Cassius remains droll. “After being cut to ribbons by Raa Dustwalkers, breaking my word to Diomedes au Raa, racing across half the system to plunge through the Ash Armada into a warzone to save Darrow, then back through the Ash Armada again—under the guns of the Annihilo, the Annihilo—I ally with the Minotaur, a grandiose ruffian overcompensating for his poor heritage whom I haven’t seen since he was quoting Milton high on lexamine and blowfish poison in a Martian brothel fourteen years ago?” He bats the air like a cat. “Please. If you’re desperate to insult me, at least do me the dignity of being lucid.”
“Dignity.” Screwface pitches his head back and laughs. “That the virtue you imparted on your impaling protégé, the Heir of Silenius? Dignity? Ha!”
At the mention of Lysander, Cassius’s smile disappears. “Atlas impaled your troops, not Lysander.

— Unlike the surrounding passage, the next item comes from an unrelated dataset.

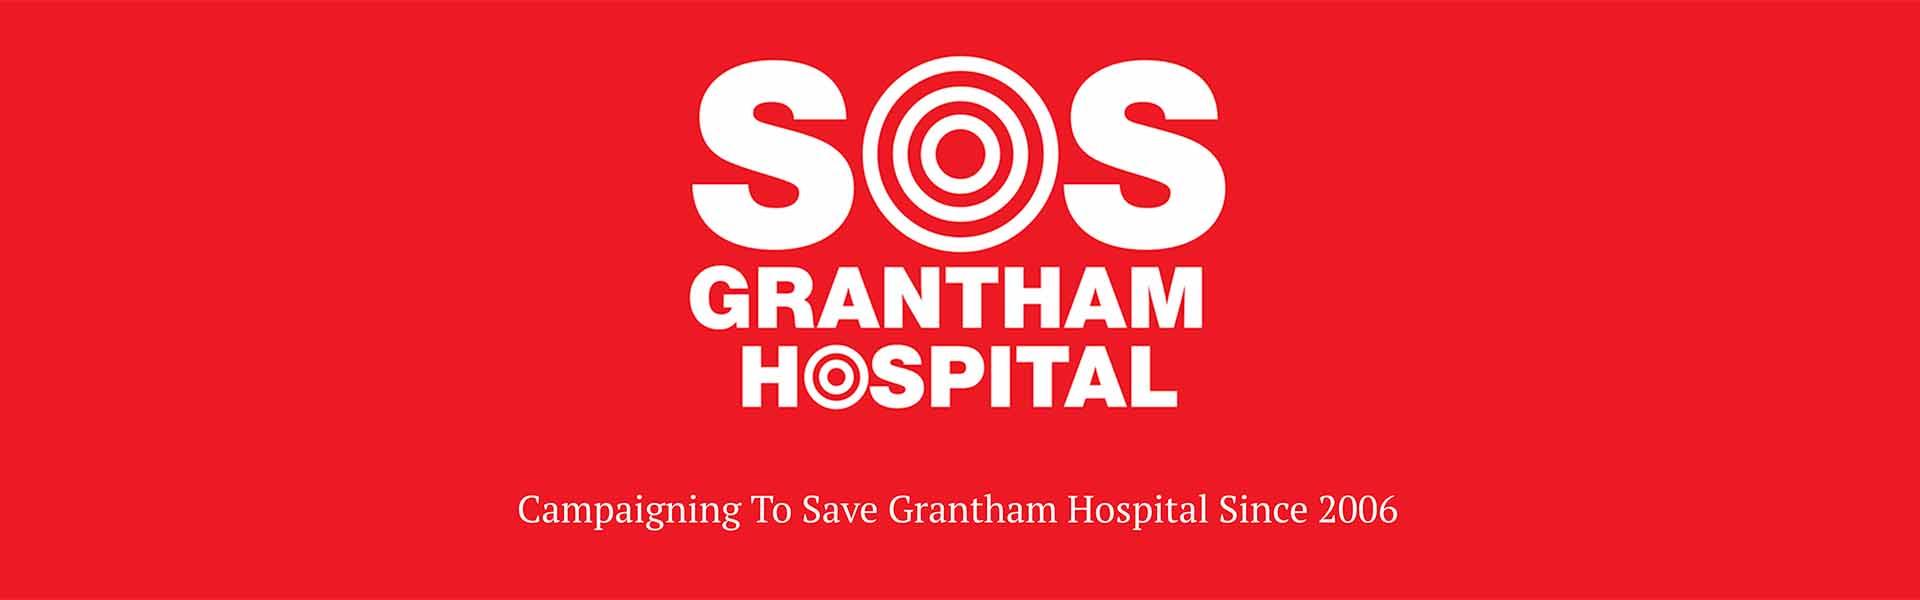 Web Design UK Portfolio SOS Grantham Hospital

It’s not his style.”
“Oh, we know his style,” Thraxa says. “Rhonna. Darrow’s niece. It wasn’t Atlas who beat her face in. Your boy did that, after he shot Alexandar in the head. Not in combat. While they were having drinks.”
Cassius frowns. “Alexandar au…”
“Arcos,” Colloway says coolly. It’s the first time since he arrived that I’ve seen him look at me with any degree of sympathy. “He was Darrow’s archLancer, Bellona. He was an arrogant shit, but the best soldier I’ve ever served with. Full stop. He offered Lysander blades. Lysander declined. Took his head off at range. His own cousin’s.”
Cassius’s face falls. ArchLancers to an Imperator are often as close as children. The guilt on his face is exactly why I didn’t tell him. It’s not his fault, and I didn’t want his sympathy.
I miss Alexandar. We all do. Which is why we all feel so sick looking at Sevro’s auction.
Harnassus steps up to me, gentle. “Darrow, I know no one wants to be the one to say it, so I will. There’s nothing to do here. We’re millions of clicks behind enemy lines. Thanks to Bellona we have helium, and the reactor repairs on the Archimedes are being finalized. We should burn for Mars while we still can.”
I stare at Sevro’s image. The Dockyards of Venus are not so far away.
He’s close. Closer than I thought.
Love for Sevro or hate for the horned one? Which is it that draws me like gravity?
“Why did we survive Mercury?” I ask. No one answers. I look around the room. “Why did we survive this prison here?”
“Darrow, we haven’t survived yet. Not until we get home,” Harnassus says. “Every day you’ve held us together, telling us home would soon be in reach. Now it is. Now is your chance to get back to our forces. To Virginia…to your son.”
I resist that current and feel the pull of this new one.
“We survived so we could make a difference in this war,” I answer for them. “The fight on Mars begins over Venus. The ships of the Ash Armada come from one place and one place only—the Dockyards of Venus. Atalantia betrayed Apollonius to us. The man is pathological with his grudges. So, the only reason she’d let him keep those dockyards is because she believes he has the ability and the willingness to destroy them. I left Apollonius with only a handful of men. Which means there are only a few ways he could present that dire a threat. Bombs, no? That gives us an opportunity.”